Christmas lights

Well let's clear out the stuff that we already know. The total resistance for a number $N$ of resistors hooked up in parallel is given by...

$\frac{1}{\sum \Omega_{P}} = \frac{1}{\Omega_{1}} + \frac{1}{\Omega_{2}} + \frac{1}{\Omega_{3}} + ... \frac{1}{\Omega_{N}}$

The total resistance for a number $N$ of resistors hooked up is series is given by...

$\sum \Omega_{S} = \Omega_{1} + \Omega_{2} + \Omega_{3} + ... \Omega_{N}$

The power dissipated by a circuit is given by $P = I^{2}\sum\Omega$ , and we all know Ohm's law as $V = I\sum\Omega$ with $I$ being the current running through the circuit, $V$ being the voltage drop across the circuit, and $P$ being the power dissipated by the circuit.

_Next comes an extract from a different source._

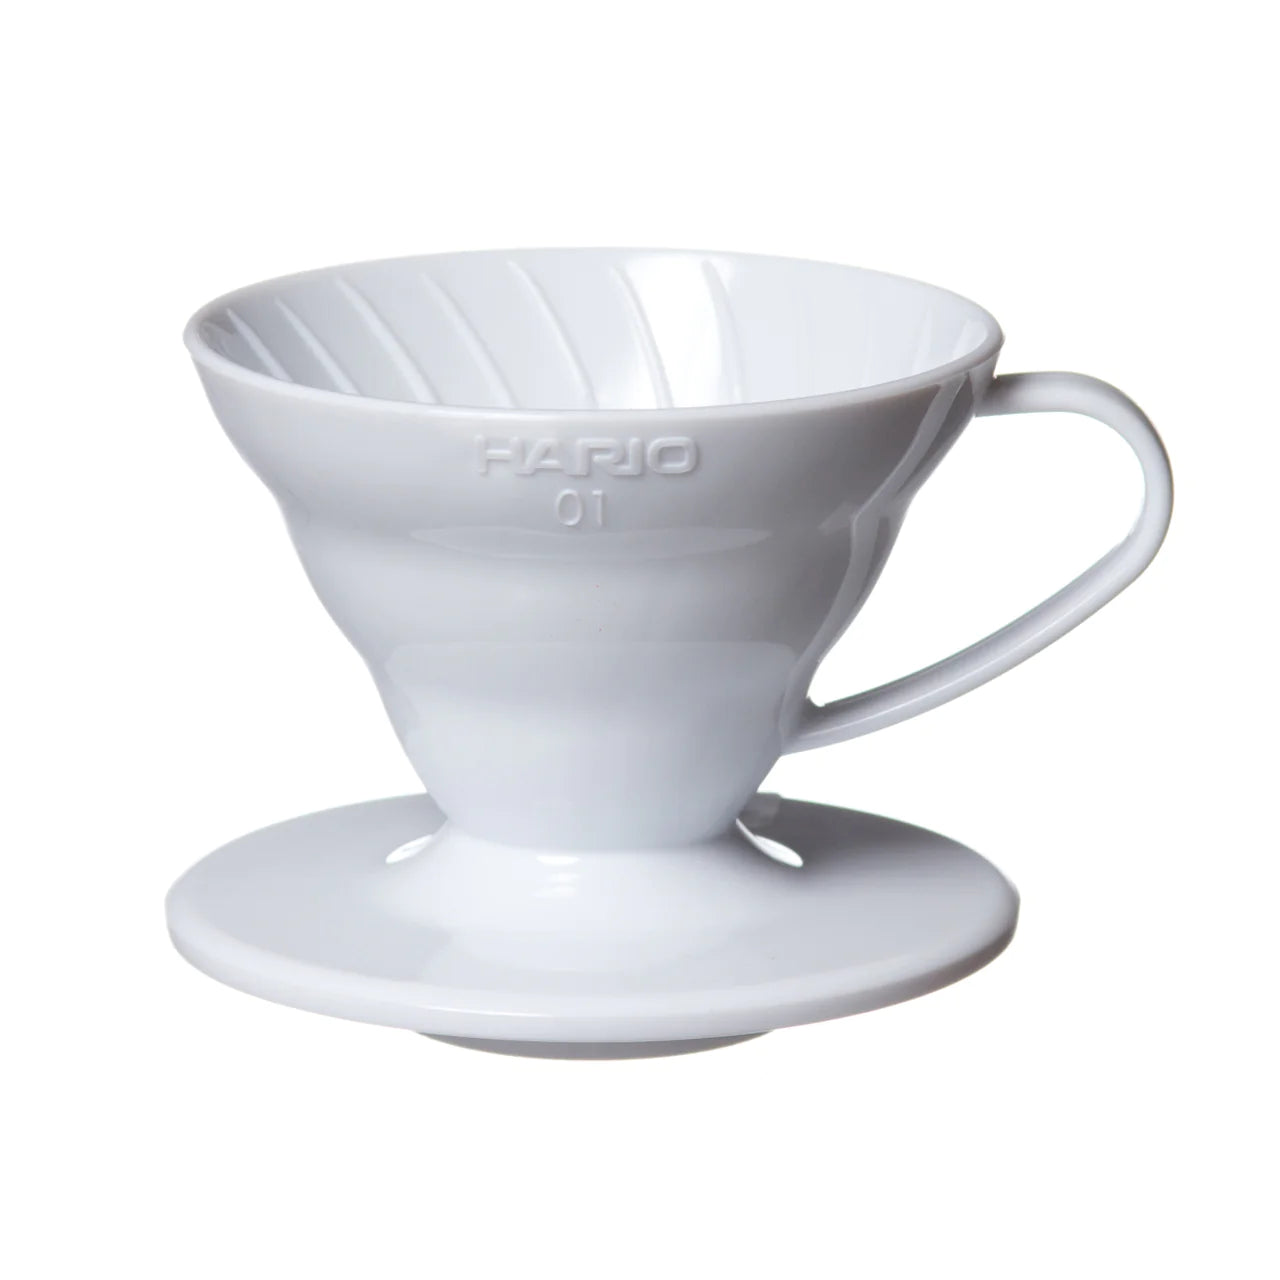 Hario V60 Plastic Coffee Dripper 01 - White

The trick to solving this is understanding that the voltage drop across both of these circuits is the same , so what we can do is get both of their dissipated power functions/formulas in terms of $V$ , and then divide them both. I'll show you the math.

$\sum \Omega_{P} = \frac{1}{100} \Omega$

$\sum \Omega_{S} = 100 \Omega$

$P = \frac{V^{2}}{\sum \Omega}$

$\frac{P_{P}}{P_{S}} = \frac{\frac{V^{2}}{\sum \Omega_{P}}}{\frac{V^{2}}{\sum \Omega_{S}}} = \frac{\sum \Omega_{S}}{\sum \Omega_{P}} = \frac{100 \Omega}{\frac{1}{100} \Omega} = \boxed{10,000 \Omega}$

Analysing circuit P first, we see that the P.D. across each light is the same, and is equal to the voltage of the power supply. Hence, total power is given by

$100V^2/R$

In circuit S, the potential is equally divided across the 100 lights (as they have equal resistance); hence, total power is given by

$(100(V/100)^2)/R$

Hence,

$P_{P}/P_{S} = 100V^2/(V^2/100) = \boxed {10000}$ .

total resistance in circuit P is : $R_{P} = 1/100 Ω$

total resistance in circuit S is : $R_{S} = 100 Ω$

$P_{P}/P_{S} = (V^{2}/R_{P})/(V^{2}/R_{S}) = R_{S}/R_{P} = 100 / (1/100) = 10000$

Since $\text {Power} = \dfrac {V^2}{R} \propto \dfrac {1}{R}$ , we want the ratio of the net resistance in S to the net resistance in P. The net resistance in S is $1 \cdot 100 \, \Omega$ and the net resistance in P is $\dfrac {1}{100} \, \Omega$ , so our answer is $\boxed {10^4}$ .